Sure, it's got some unique characteristic that more traditional shell users dislike but that's just a matter of taste.



It irks me that the default for servers still seems to be 5.1 which is anemic and seems to have really weird quirks and syntax differences from later versions. As if the default silent jsondepth thing was not enough converfrom-json hash tables have case insensitive keys. Really?

Someone wrote some automation code that handles json payloads using powershell. When we tried to migrate to azure functions which uses 7.x by default things broke because users never cared to check sensitivity of key names.

It’s also slow even for interpreted language standards.

I’ll seriously never use powershell for anything serious ever again even though I admit syntax and design feels kinda nice.


Because backwards compatibility.
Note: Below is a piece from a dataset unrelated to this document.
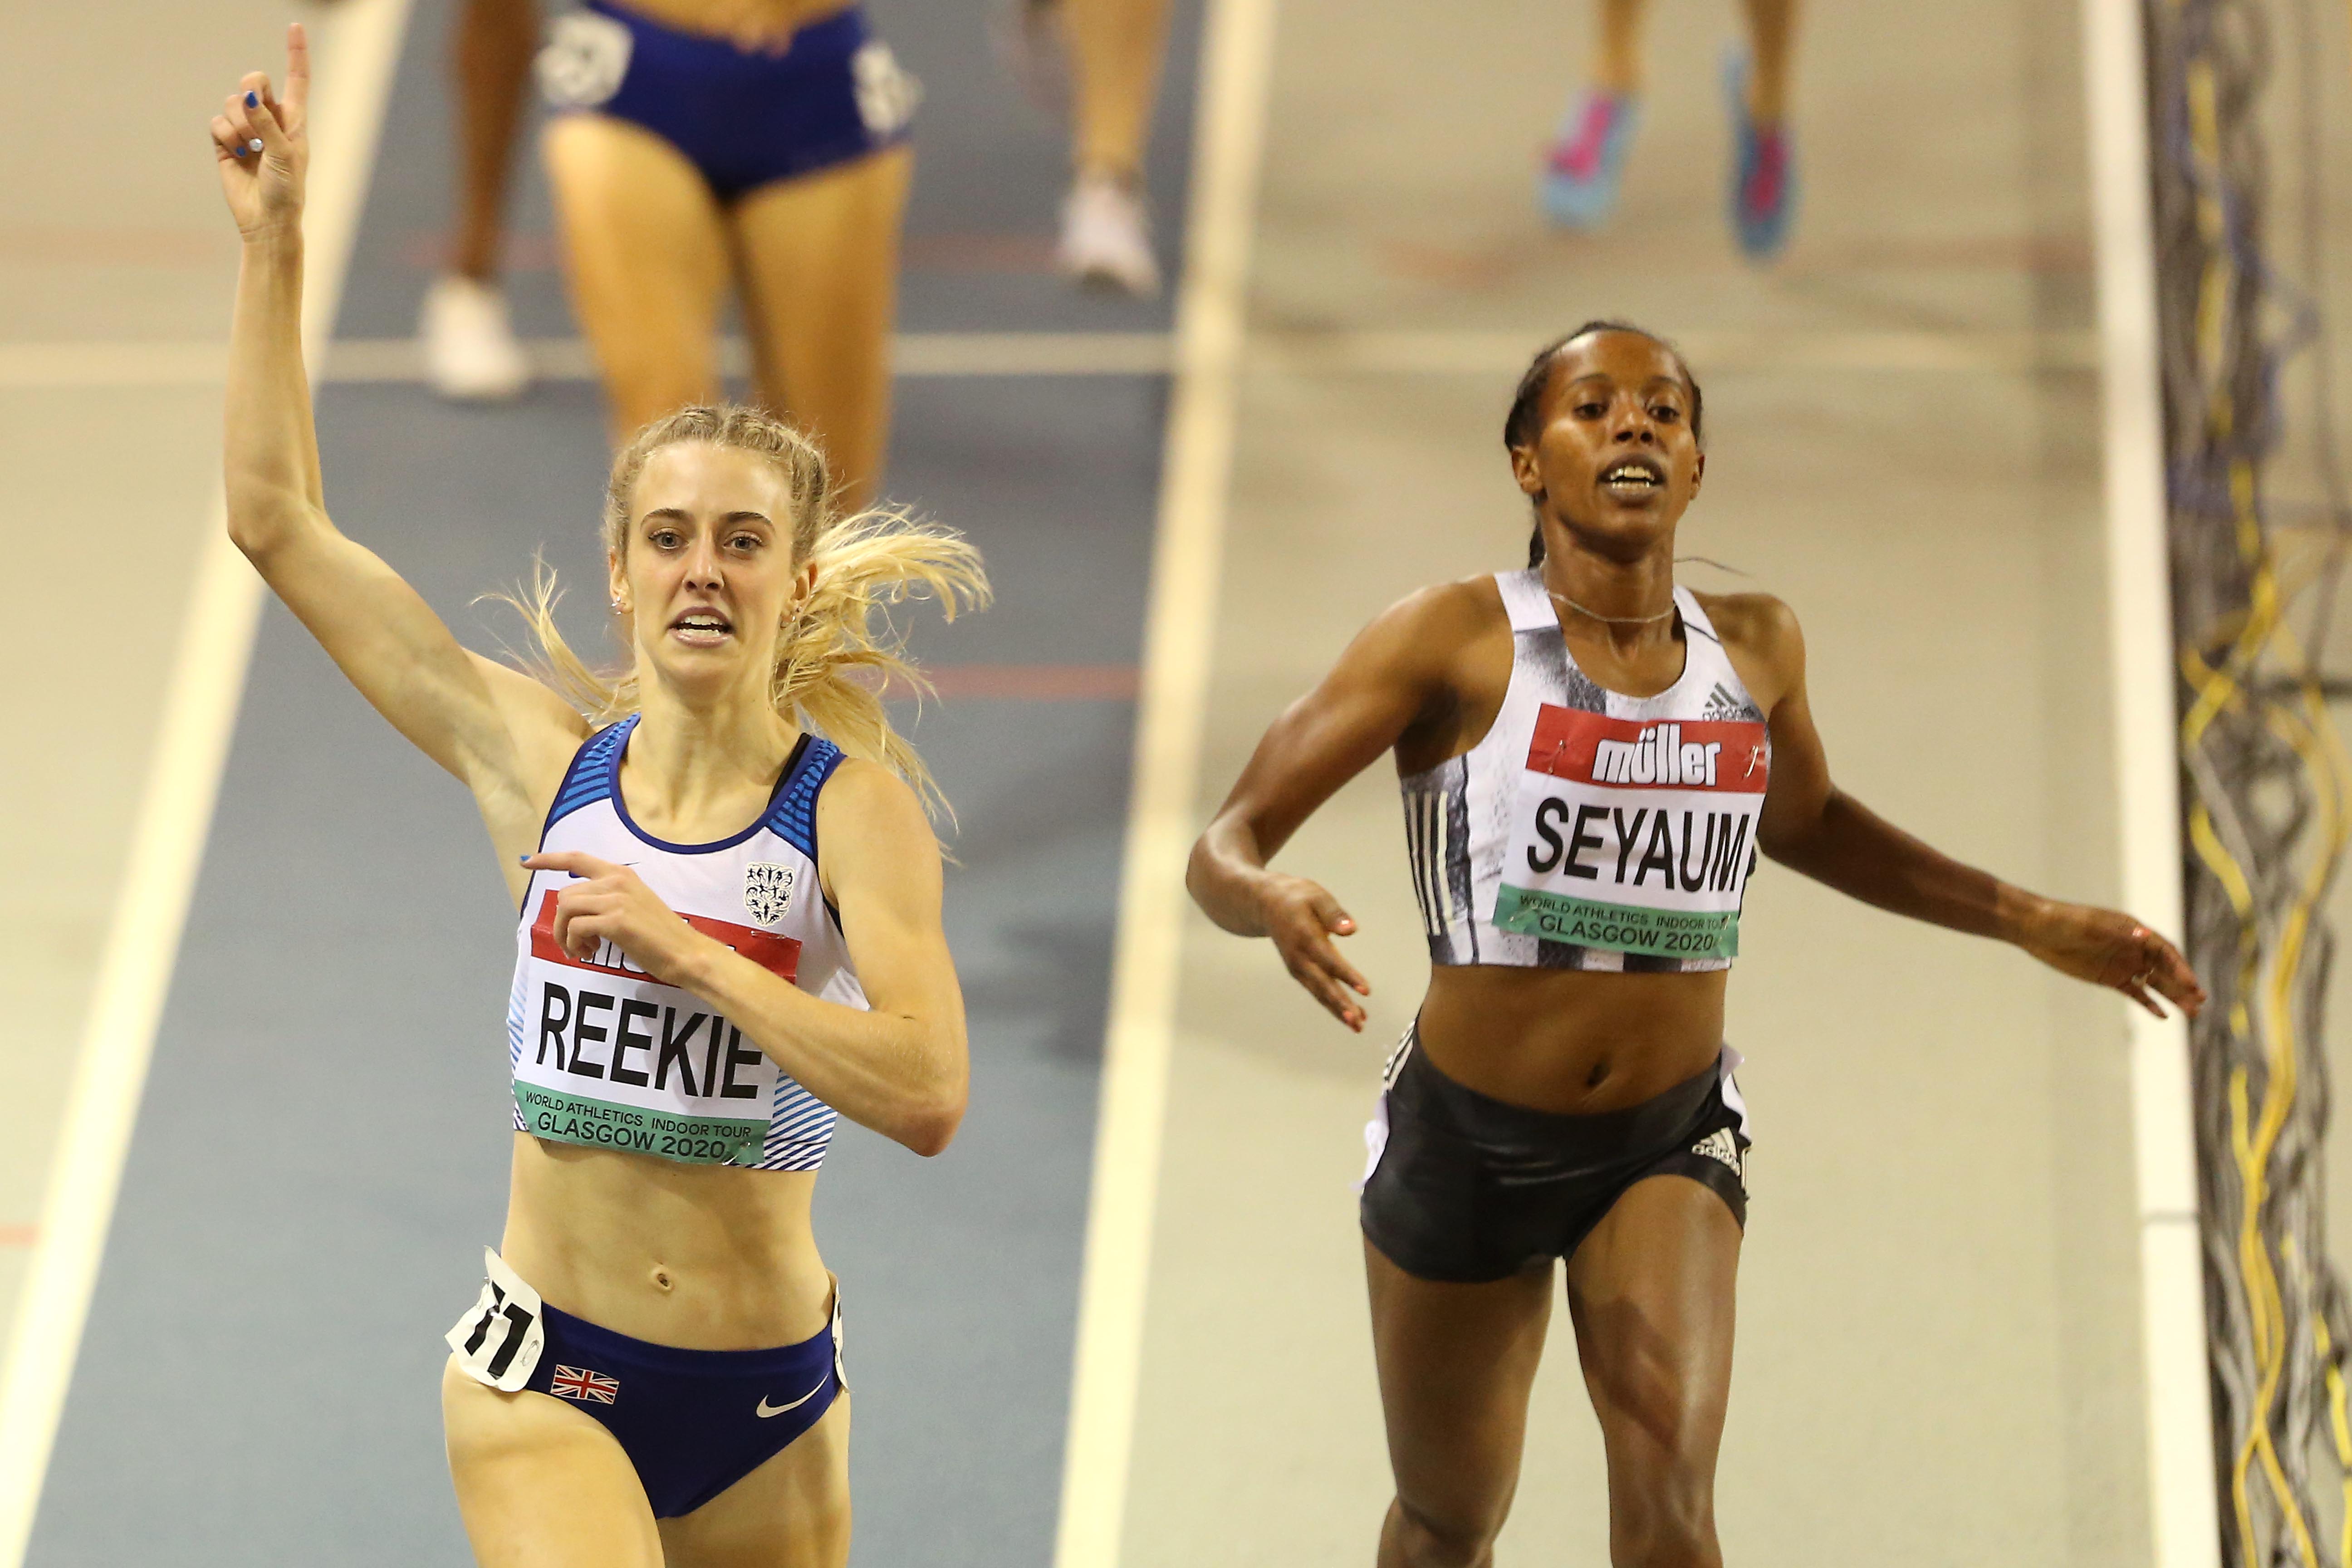 REEKIE AND WIGHTMAN AMONG WINNERS OF THE 2020 BRITISH ATHLETICS WRITERS ASSOCIATION AWARDS

I've run into stuff that doesn't working in 7.x without a rewrite.

It's just best to think about Powershell 5.1 and Powershell Core 7.x like Py2 -> Py3. Most of code works as is, some doesn't, and you should use latest when you can.

>Someone wrote some automation code that handles json payloads using powershell. When we tried to migrate to azure functions which uses 7.x by default things broke because users never cared to check sensitivity of key names.

Azure Functions are nightmare in its own. Not sure how much of that is Powershell fault vs Azure Functions.

>It’s also slow even for interpreted language standards.

Actually, it's blown Python out of the water at work. It's startup time can be painful as it's interpreting everything but once it gets going, it really moves. We use it to churn through 4GB CSV at work replacing a Python script, it's much much faster.

>I’ll seriously never use powershell for anything serious ever again even though I admit syntax and design feels kinda nice.

Your loss. Despite the few problems I run into, I really like it and wish more *nix people gave it a try. It's much better then bash nightmares I've seen.